*ACTION ITEM*: Within the entries below, the lines from the one with "Nebulaee + Guy from 1990" through the one with "Lamborghini Aventador SVJ" are to be set down exactly, both ends kept.

*ENTRIES SUPPLIED*:
════════════════════

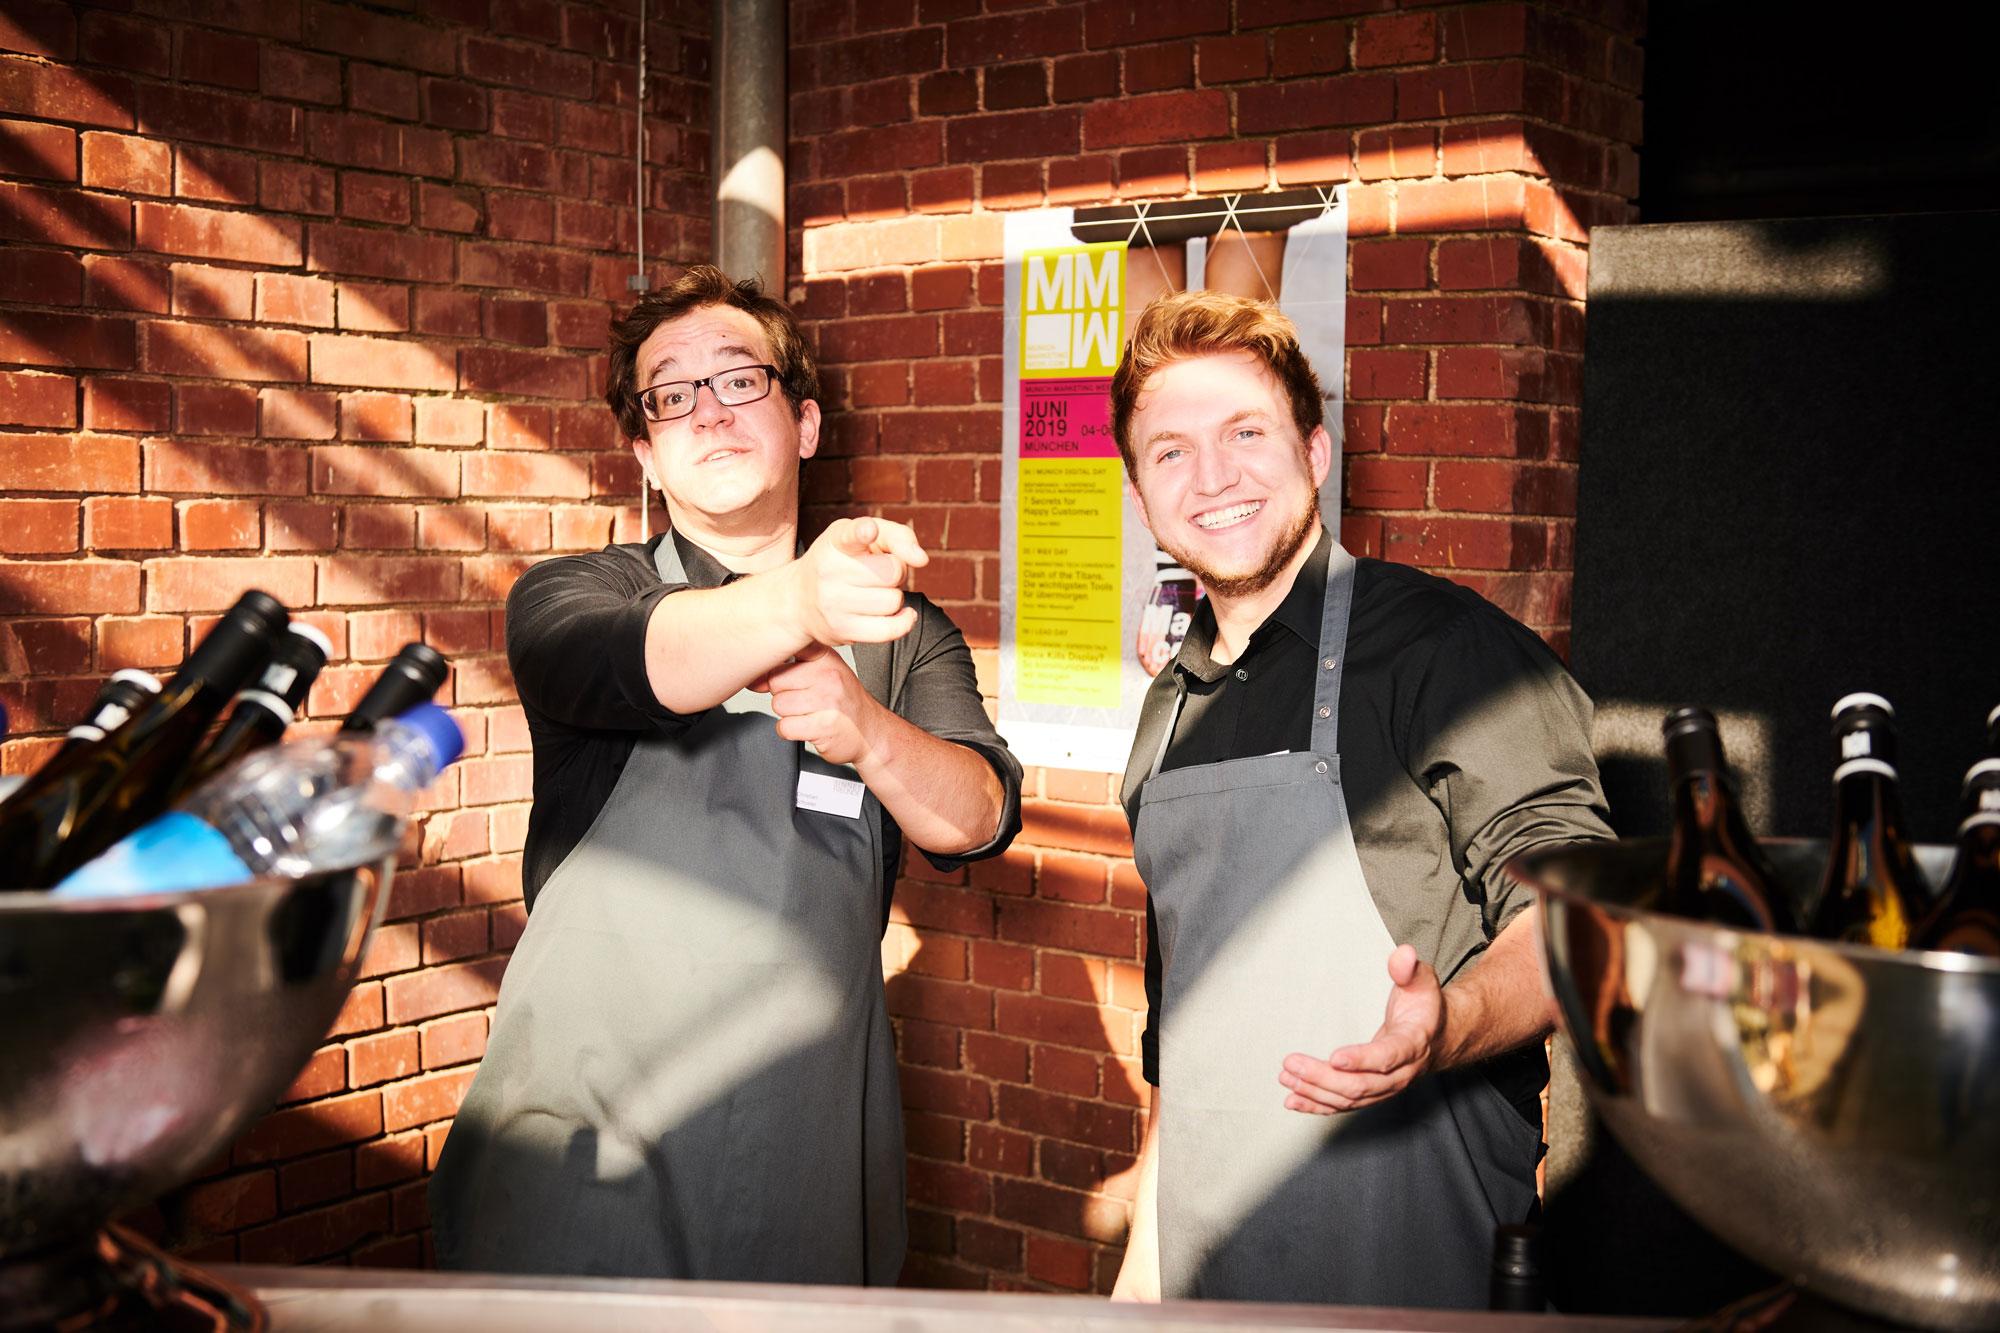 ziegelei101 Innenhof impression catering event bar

════════════════════

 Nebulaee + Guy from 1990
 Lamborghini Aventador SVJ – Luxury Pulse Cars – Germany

════════════════════

*WORKED SOLUTION*:
 Nebulaee + Guy from 1990
 Lamborghini Aventador SVJ – Luxury Pulse Cars – Germany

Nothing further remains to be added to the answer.